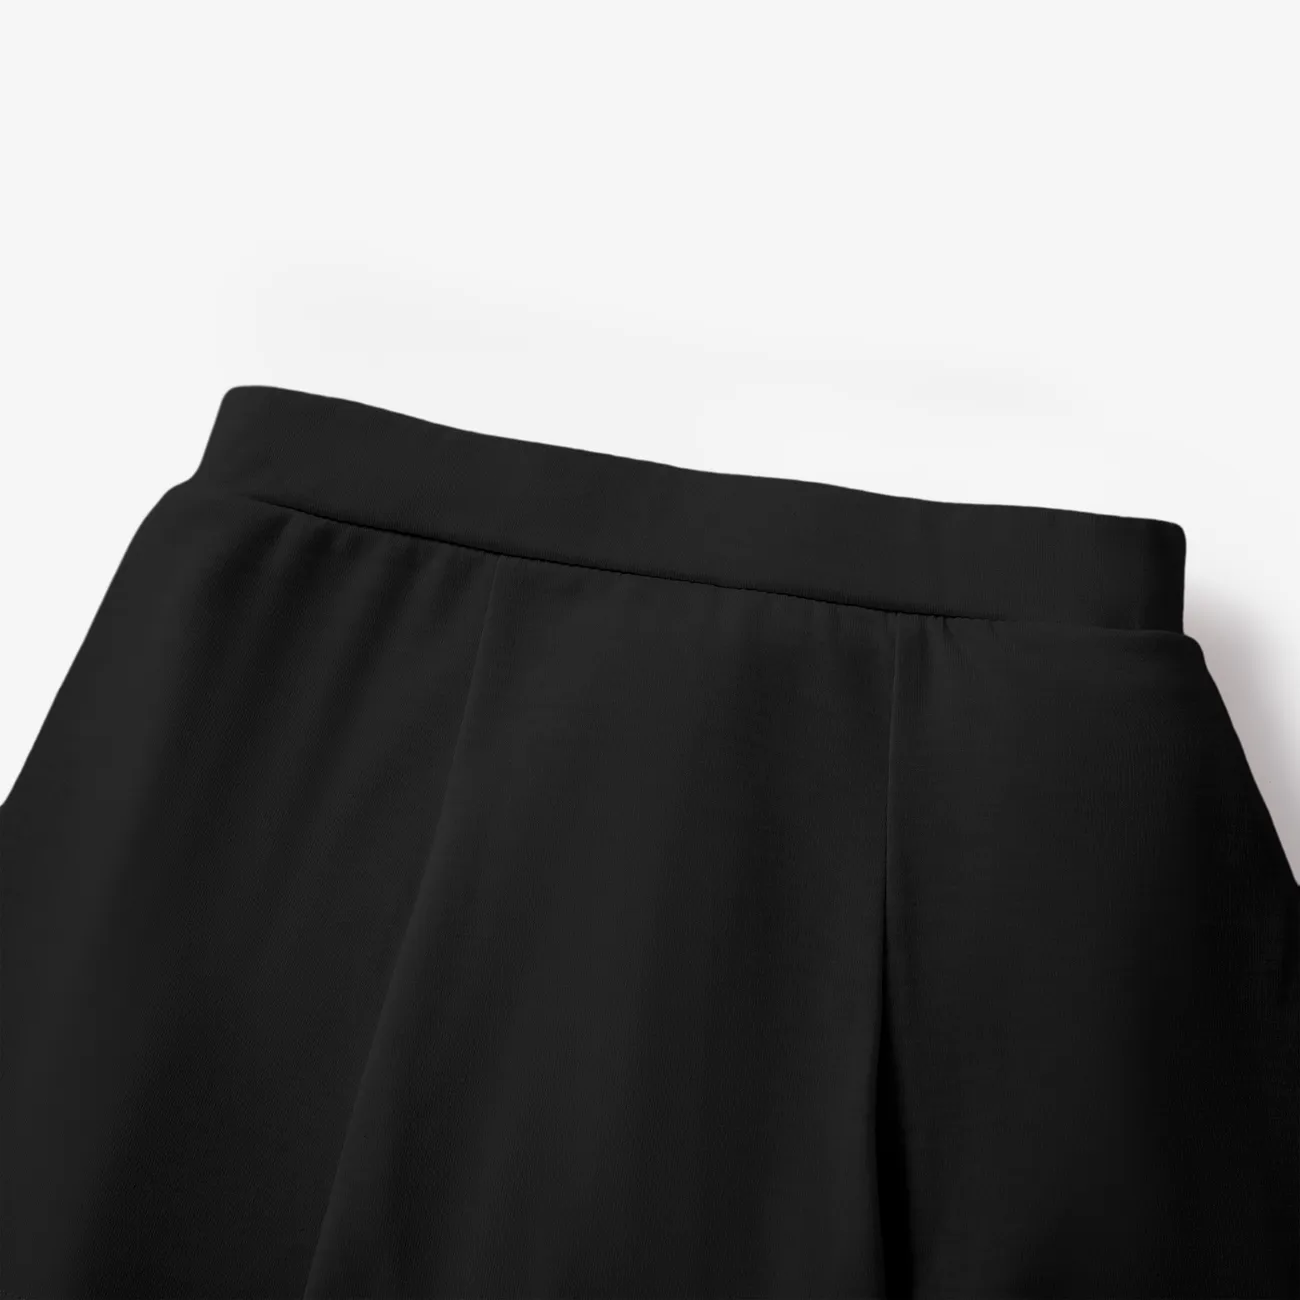 Shorts leggings de saia falsa de cor sólida para menina infantil Preto big image 1
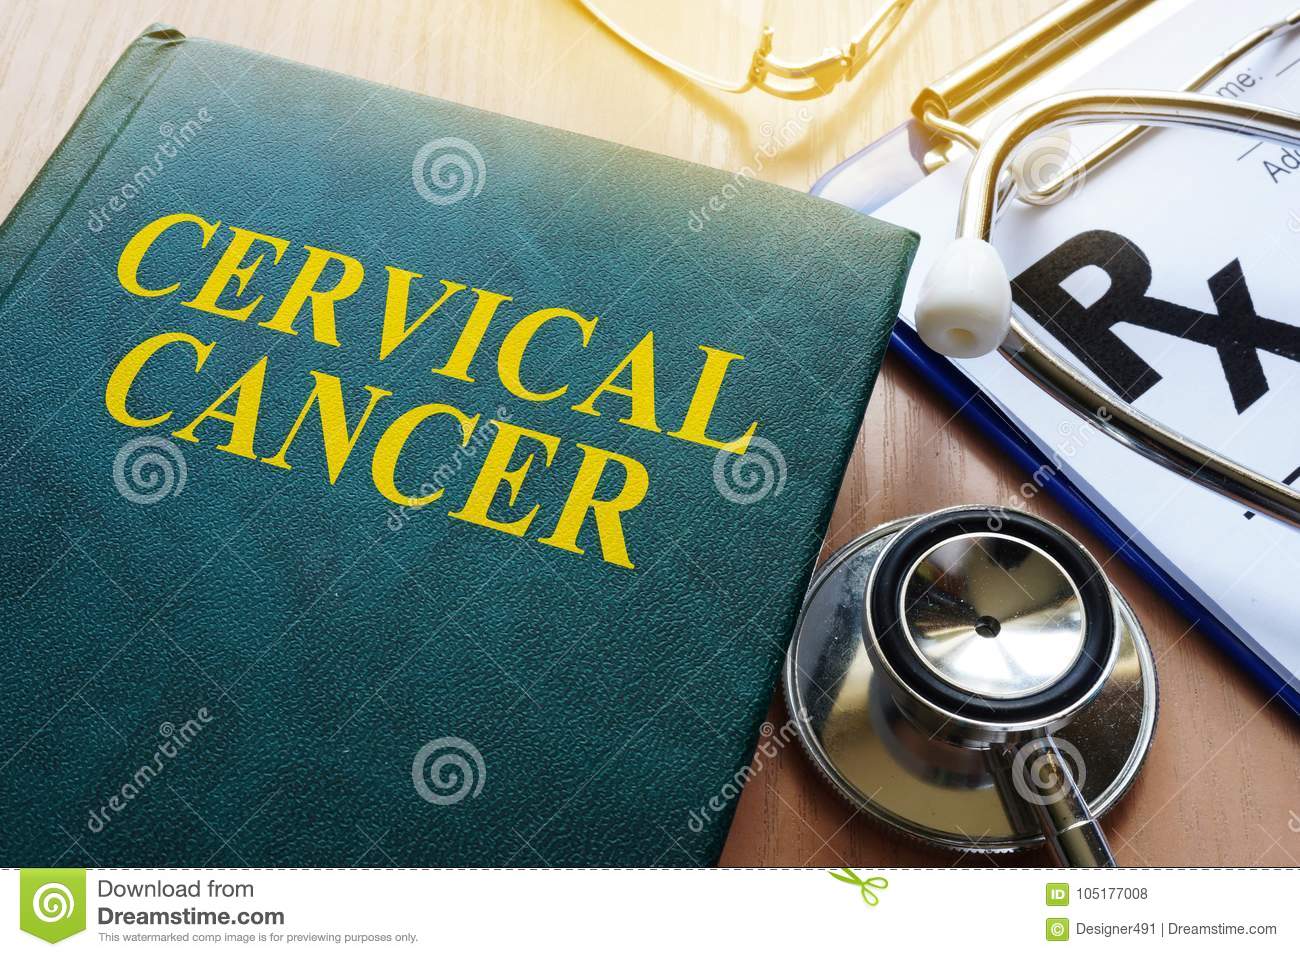 book-cervical-cancer-desk-hospital-105177008.jpg
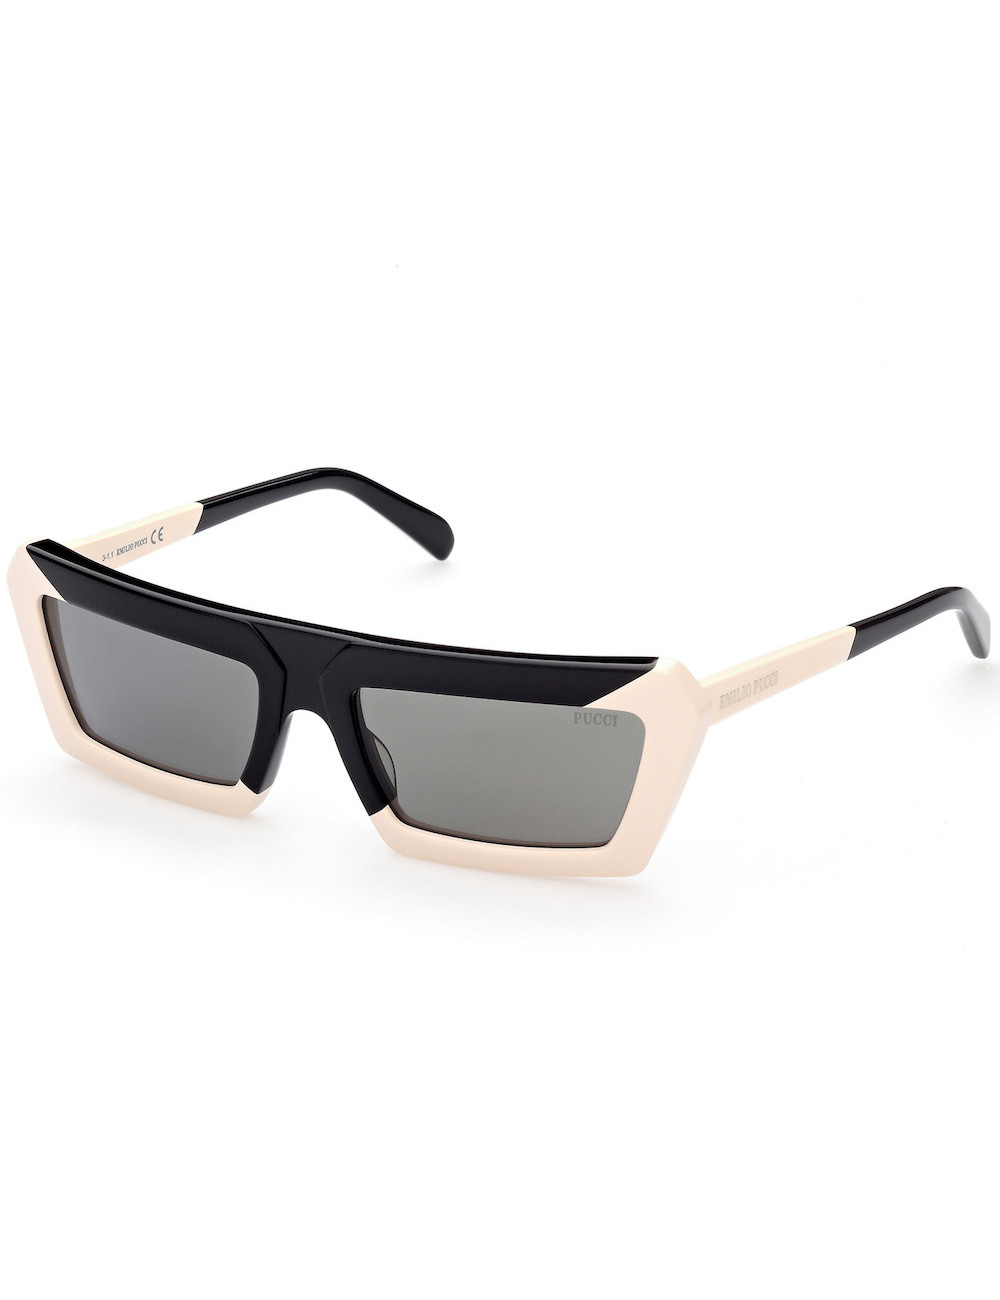 Emilio Pucci Sunglasses for Women

• Directions
Would you please set down the listing above exactly, minus its images?

• Response box
 Shorts leggings de saia falsa de cor sólida para menina infantil Preto big image 1
 book-cervical-cancer-desk-hospital-105177008.jpg
 Emilio Pucci Sunglasses for Women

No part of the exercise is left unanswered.